Dataset section
====
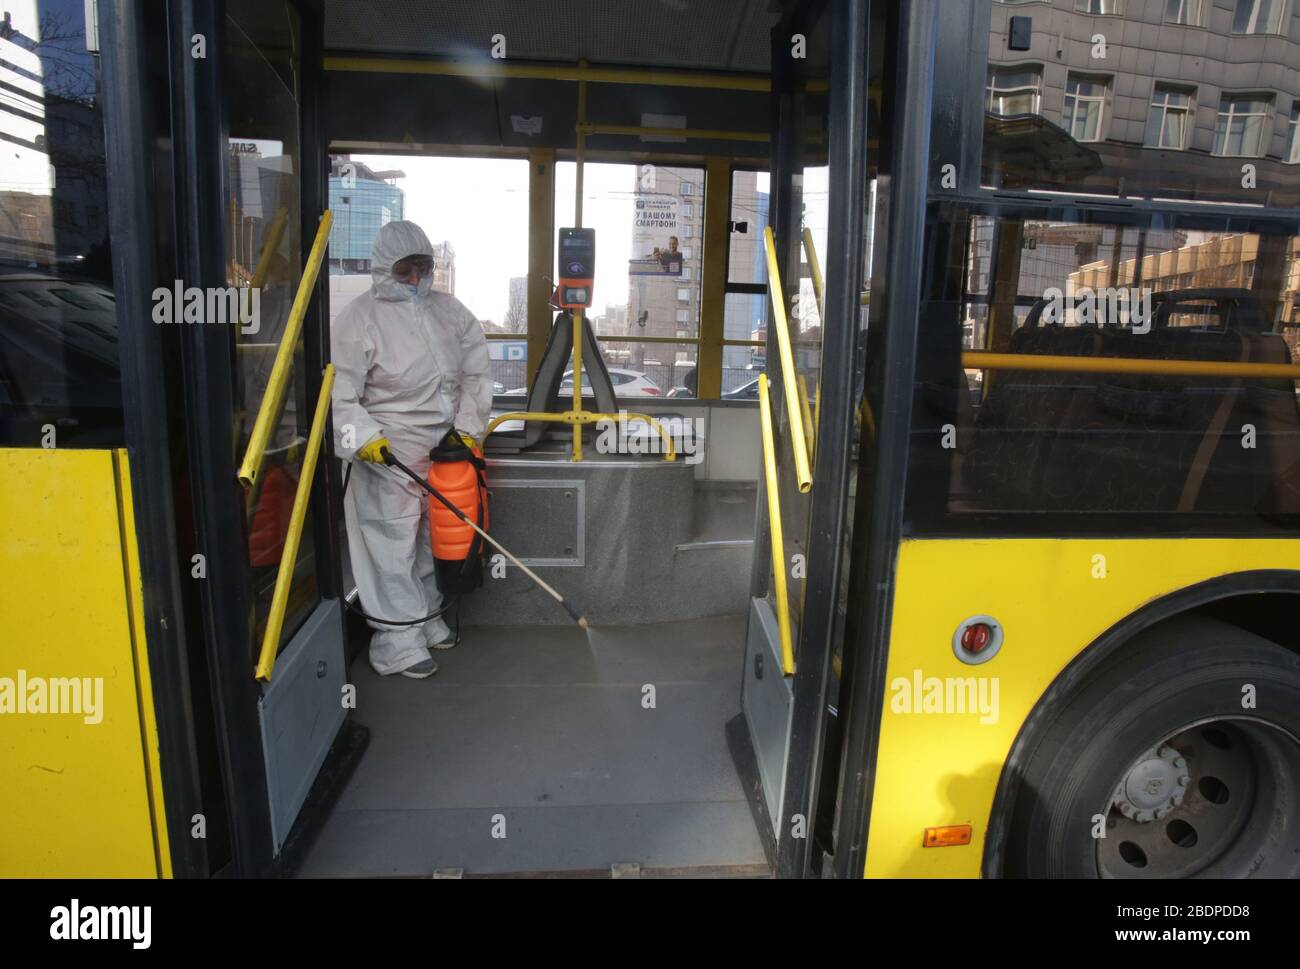 Kiev, Ukraine. 8th Apr, 2020. A staff member disinfects a bus in Kiev, Ukraine, April 8, 2020. The death toll from COVID-19 in Ukraine rose to 57 on Thursday, as the total cases reached 1,892, the country's health ministry said. On March 25, Ukraine introduced emergency measures across the country through April 24 to contain the spread of the disease. Credit: Sergey Starostenko/Xinhua/Alamy Live News Stock Photo
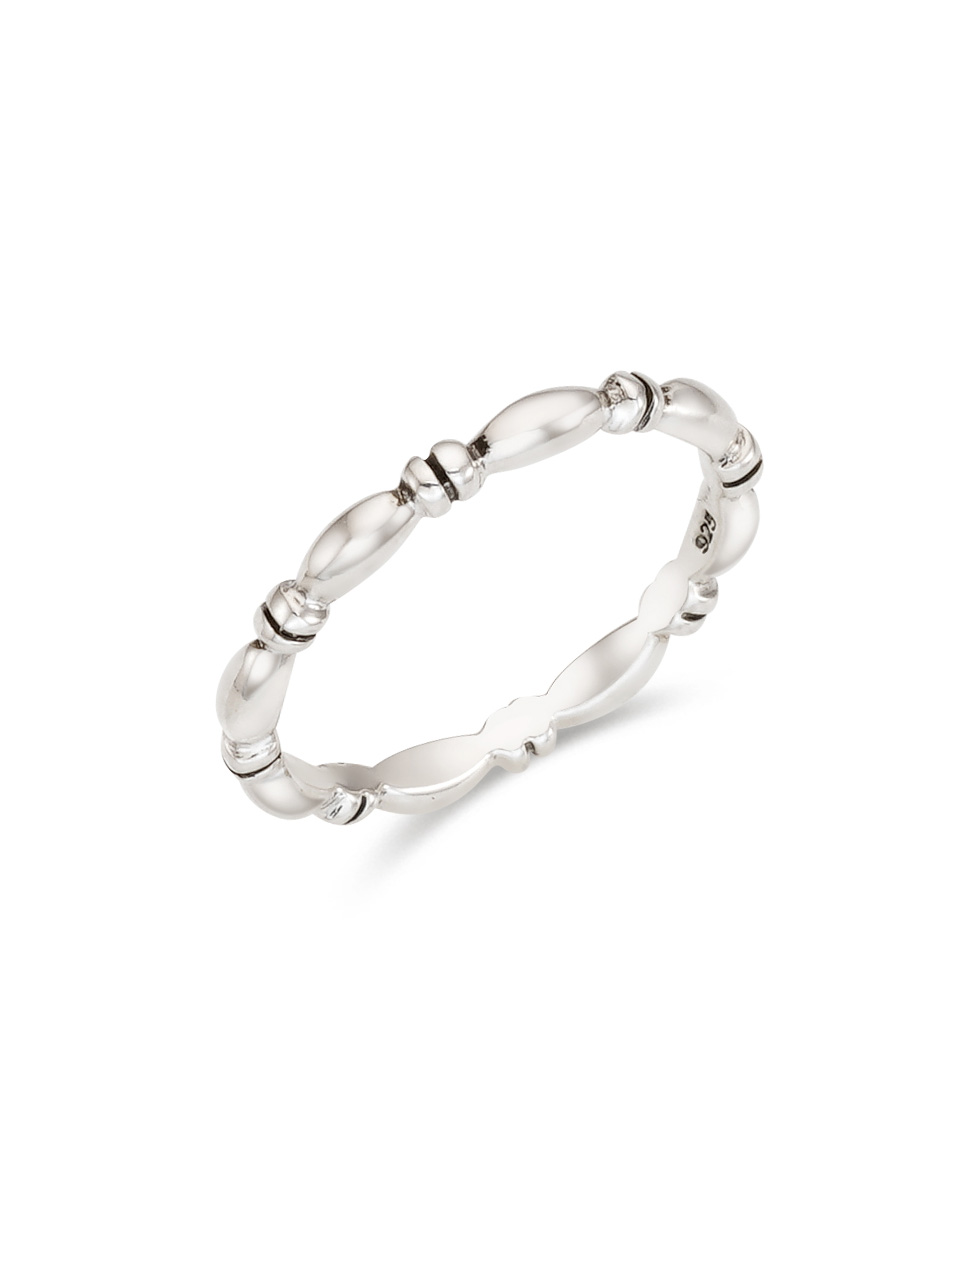 [silver925]soft ring
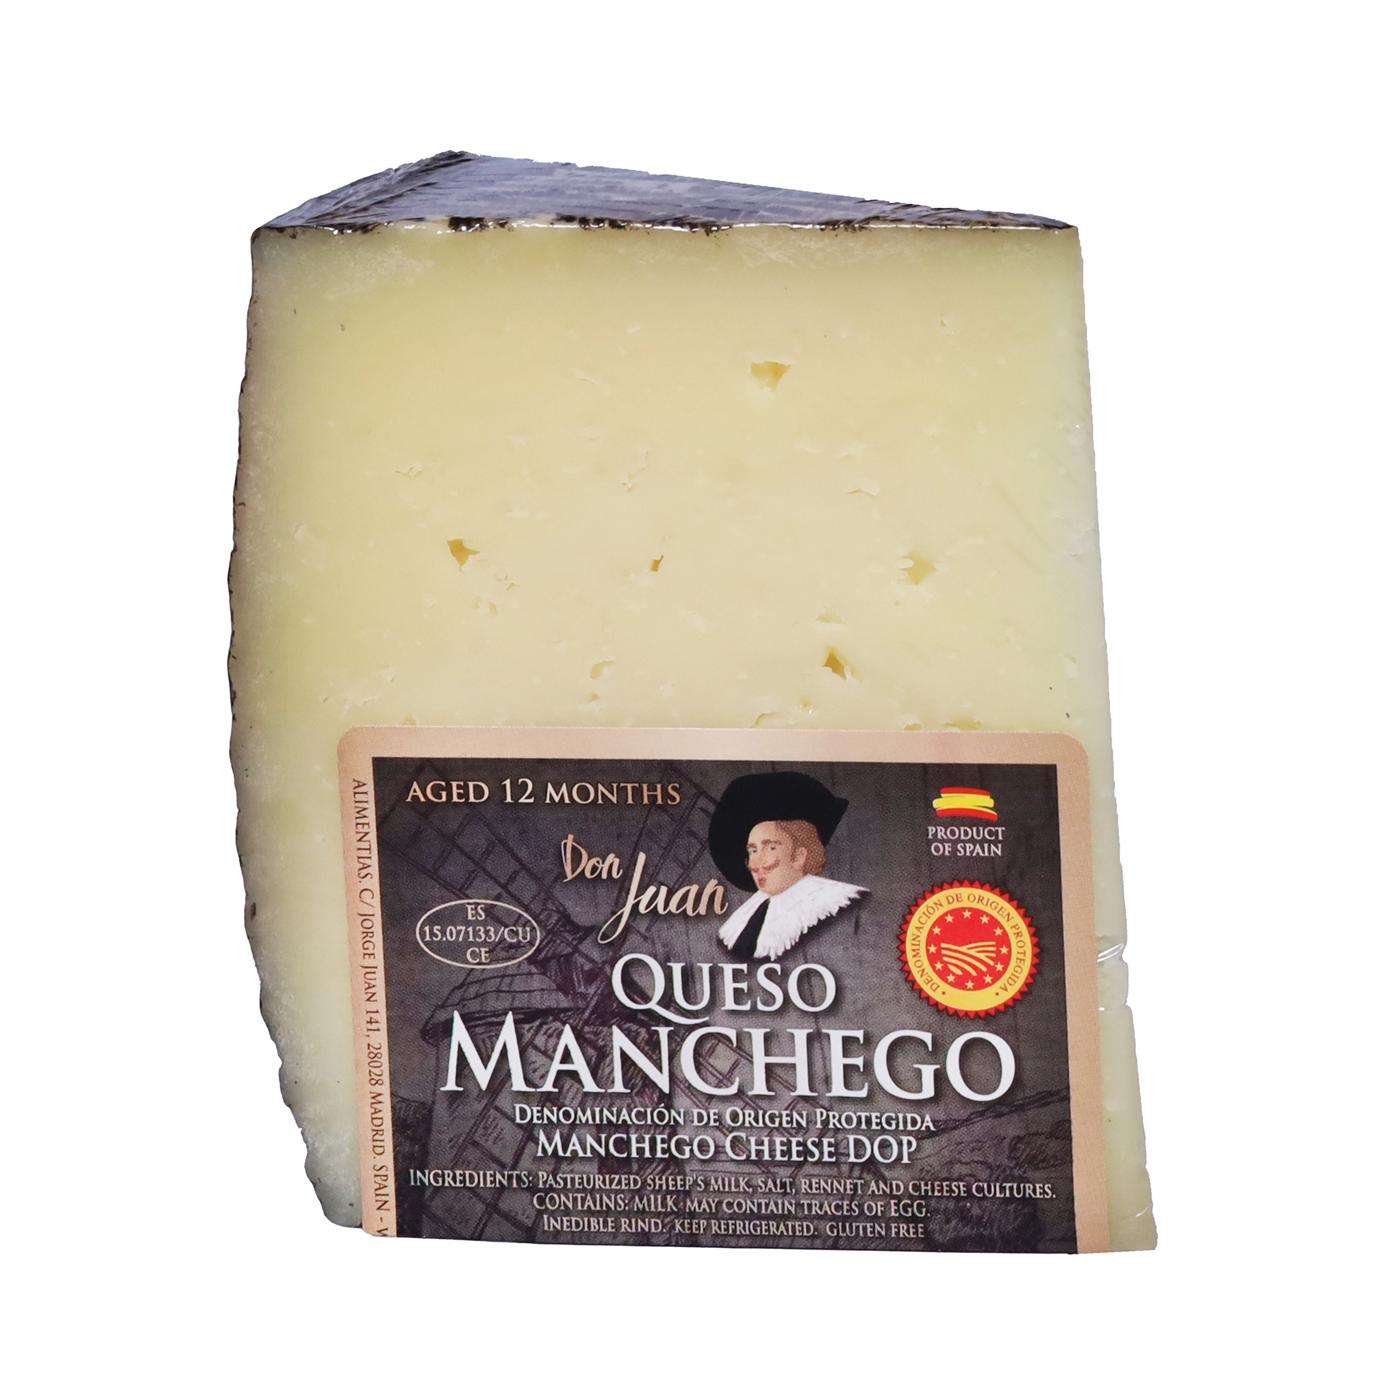 Don Juan Queso Manchego Cheese; image 3 of 3
====
Your reply should consist of the data, transcribed exactly, and should hold no pictures.

 Kiev, Ukraine. 8th Apr, 2020. A staff member disinfects a bus in Kiev, Ukraine, April 8, 2020. The death toll from COVID-19 in Ukraine rose to 57 on Thursday, as the total cases reached 1,892, the country's health ministry said. On March 25, Ukraine introduced emergency measures across the country through April 24 to contain the spread of the disease. Credit: Sergey Starostenko/Xinhua/Alamy Live News Stock Photo
 [silver925]soft ring
 Don Juan Queso Manchego Cheese; image 3 of 3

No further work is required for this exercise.